Rachel Reeves wants growth, and it’s thought she’s going to seriously increase employers’ national insurance contributions, which is most likely to stop that happening. Why is she adopting such an absurd approach to the economy?

The audio version is here:

This is the transcript:

A national insurance increase charged on employers could kill growth in the UK economy. Of course, that’s serious because Rachel Reeves is, we understand, planning an increase in employers’ national insurance contributions in the budget that is going to be happening very soon, and that budget is supposedly all about delivering the growth that she thinks is the foundation for the economic changes that Labour is going to bring to the UK.

So, how can she do one thing – increase the national insurance, which is paid by employers – and at the same time deliver growth when the two work in direct conflict with each other? The answer is, I don’t know, of course, because if my objective was growth, I would not be increasing a tax on employment.

Now, let me explain how employers’ national insurance works. Above a certain limit, an employer pays 13.8 per cent of the amount that they pay to their employee in employers’ national insurance at present. That is significantly more than the employee pays, by the way, because they’re only paying 8 per cent now as a result of the cuts introduced by Jeremy Hunt, the last only in March 2024.

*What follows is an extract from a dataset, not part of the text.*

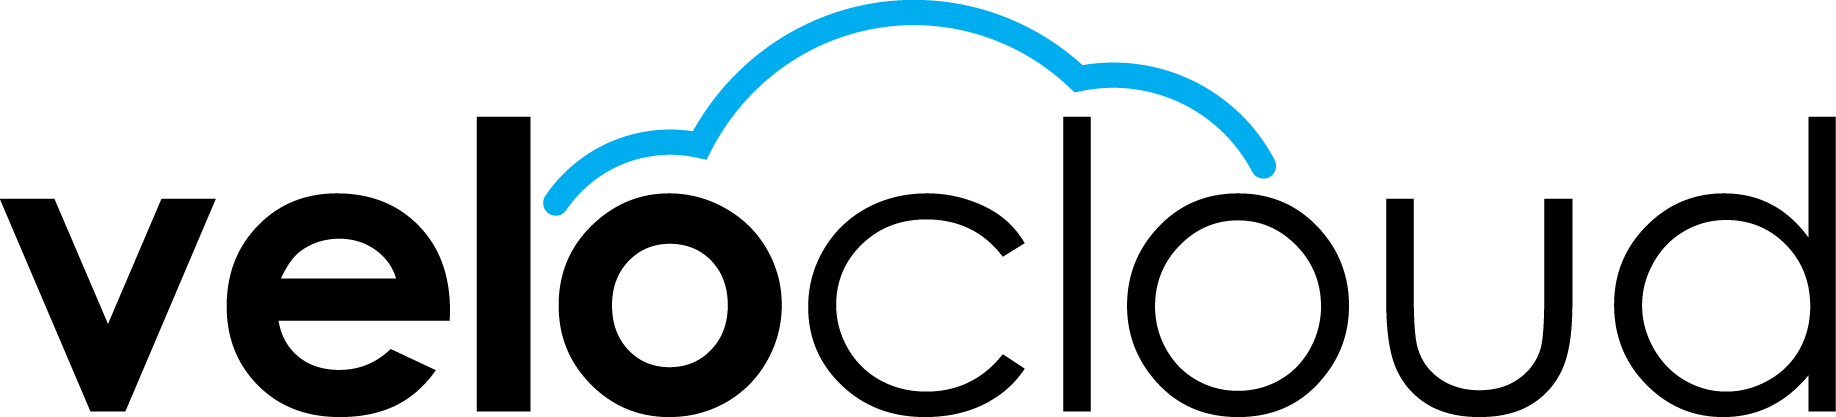 velocloud logo.png

So, 13.8 per cent of the cost of your salary, if you have one, is, broadly speaking, going to the government in employers’ national insurance, and it is rumoured that Rachel Reeves is going to increase that by 2%, making that figure 15.8%, and that is a pretty hefty increase.

More than that, it is also suggested that she is looking at charging employers’ national insurance on the pension contributions that employers make on behalf of their employees, something that has never been done because it has been assumed that if an employer makes a pension contribution on behalf of their employee, the employee will make a smaller demand for a pension in old age, and as a consequence, the demand for benefits in the overall social security system will fall, and national insurance was once designed to contribute to social security and the NHS.

Well, that’s how it works.

Now let’s talk about the reality, because this might be called employers’ national insurance, but the truth is that the payment is actually suffered by the employee. Now I know it doesn’t look like that, because as Rachel Reeves is relying upon, there will be no change in the employee’s apparent net pay going into their pocket after the budget as a consequence of increasing this employers’ national insurance contribution. So how can I say that it is the employee who will pay this extra two percent?

The answer is quite straightforward. The evidence is overwhelming from economic studies, and in this case, I believe them, that if the employers’ national insurance contribution goes up, those employers simply resist making pay increases to the employees that they have on their books, and as a consequence, eventually the employee suffers a decline in their real wages sufficient to cover the cost of the increase in the employers’ national insurance contribution. So, in other words, it is eventually the employee who pays.

And that’s what Rachel Reeves is getting wrong here. Superficially, this looks like a great move by her because it means that she can keep her manifesto commitment that she will not increase national insurance, and she didn’t say she wouldn’t increase employers’ national insurance, she only said she wouldn’t increase workers’ taxes, and she’s interpreting that as only referring to employees’ national insurance. But, if she does increase employers’ national insurance by 2%, the net effect will be that there will be downward pressure on wages, which will overall reduce them by, you’ve guessed it, approximately 2%.

Is that of consequence to her overall economic thinking? It’s dire for it, because she says that growth is absolutely core to what she wishes to deliver. Now, assuming that she’s a wise person, and she believes that growth should be perceived to exist in the pockets of those people who are going to vote for her, which is most people in the country if she’s going to get back into office in 2029, of which there is no guarantee, then she will want to make sure that they feel better off as a result of that growth.

But this move will mean that they won’t. Not only will they feel worse off, because there will be downward pressure on wage settlements, and that’s going to be uncomfortable for her, and will lead to industrial strife, but people will actually end up feeling that they have less in their pockets. That will make them feel worse off in real terms, and it has a further consequence.

If they don’t feel better off in real terms, they will, of course, not spend as much. And if they don’t spend as much, the economy won’t grow as much. It is something that follows like night does day. And as a consequence, what Rachel Reeves is doing is economically absurd. Crazy. A mistake. You can call it whatever you like, but it is just poor economic thinking for political expediency.

And that, in a nutshell, summarises just about everything you need to know about Rachel Reeves.